Available records START

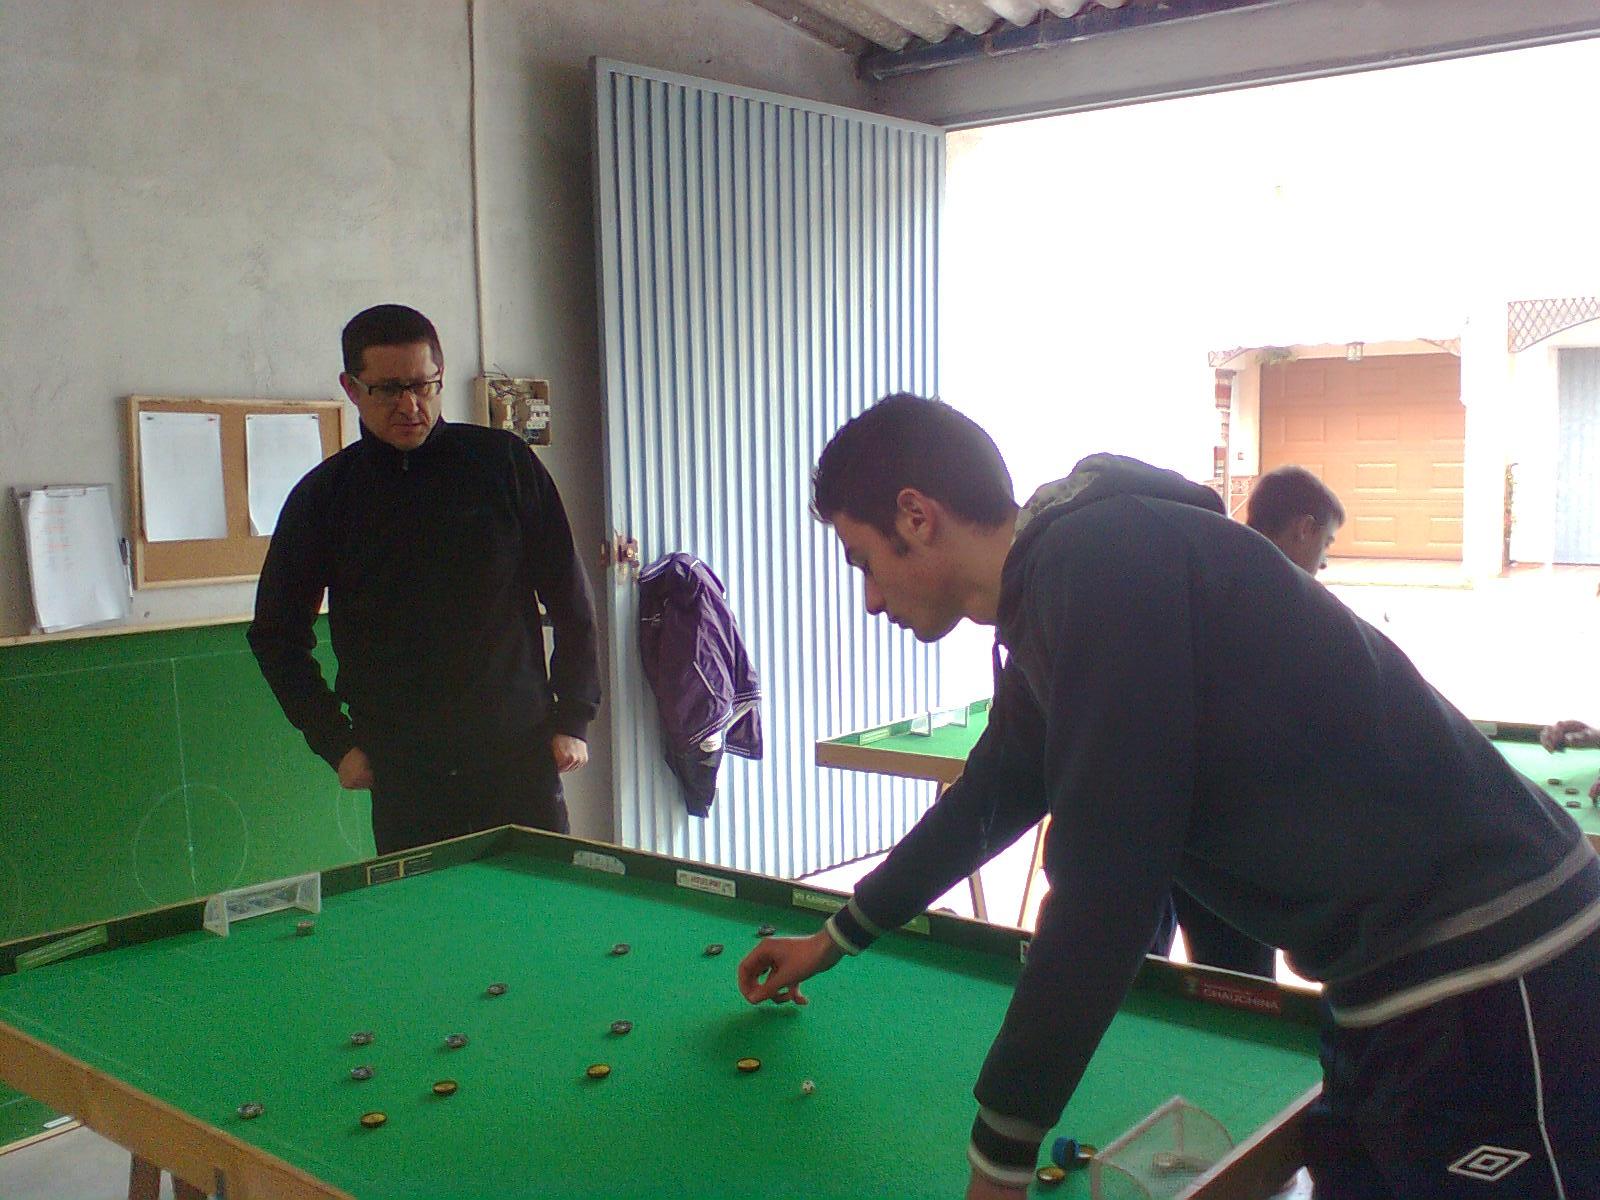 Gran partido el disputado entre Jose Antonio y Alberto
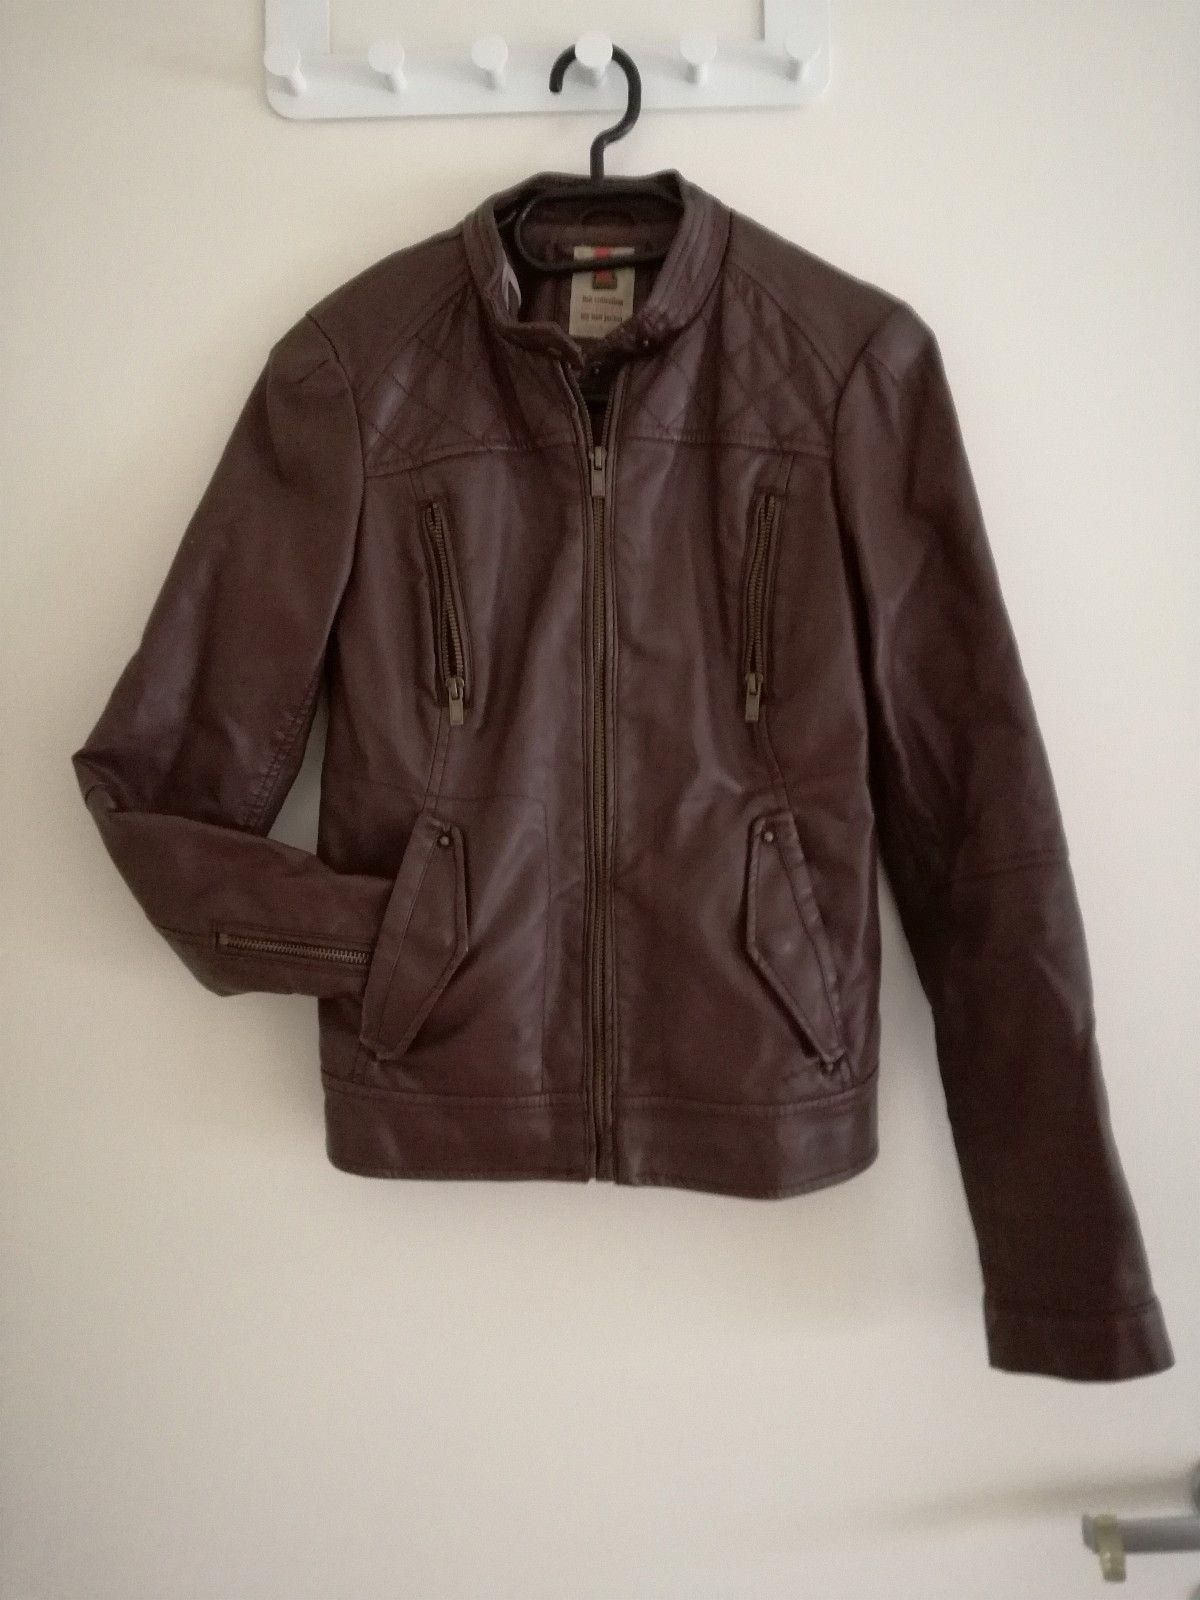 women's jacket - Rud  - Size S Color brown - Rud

Available records END
Available records START

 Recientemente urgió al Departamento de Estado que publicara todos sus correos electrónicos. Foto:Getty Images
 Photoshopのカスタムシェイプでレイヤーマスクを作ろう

Available records END

Task directions —
Reproduce the records above exactly, but only from the line with "Gran partido el" up to and including the line with "women's jacket - Rud". Leave the pictures out.

Answer section —
 Gran partido el disputado entre Jose Antonio y Alberto
 women's jacket - Rud  - Size S Color brown - Rud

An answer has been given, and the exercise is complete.